Compiled Memory: Not More Information, but More Precise Instructions for Language Agents
arXiv:2603.15666v1 Announce Type: new
Abstract: Existing memory systems for language agents address memory management: how to retrieve and page more information within a context budget. We address a complementary problem — memory utility: what experience is worth keeping, and how it should change agent behavior. We present Atlas, a memory kernel that compiles accumulated task experience into an agent’s instruction structure — without fine-tuning, RAG, or human intervention. Memory is distillation, not storage; delivery is instruction rewriting, not context injection. Facts extracted from agent failures and successes are verified through a three-step promotion gate and delivered by rewriting the agent’s system prompt with learned sub-bullets.

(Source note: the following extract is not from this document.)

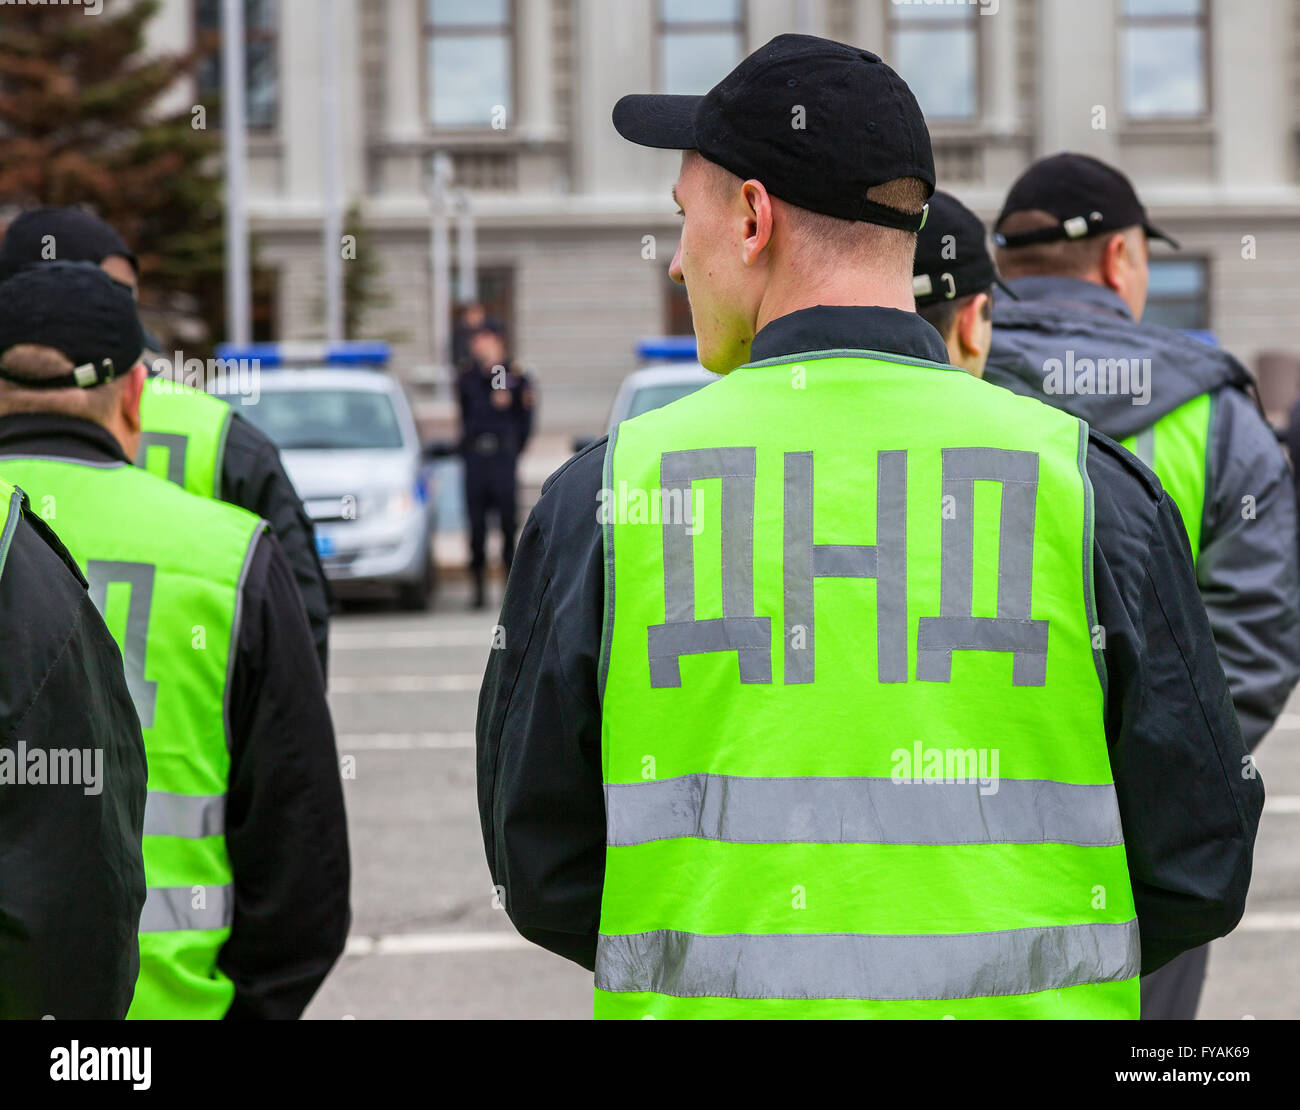 Russian helper police. Voluntary National Teams in uniform - Stock Image

On CUAD contract analysis, the evolved prompt improves GPT-4o token-level F1 by $+8.7$pp and precision by $+12.5$pp. On HotpotQA multi-hop QA, joint F1 improves $+3.16$pp. An ablation isolates the mechanism’s defining property — the training signal constraint: the evolved prompt learns exactly what it is taught, and nothing more. Applied to Claude Sonnet~4.5 using the same evolved prompt — compiled from GPT-4o errors, unchanged — joint F1 improves $+2.31$pp, with gains concentrating where Claude’s stronger baseline leaves the most room — confirming that the compiled knowledge is task-shaped, not model-shaped.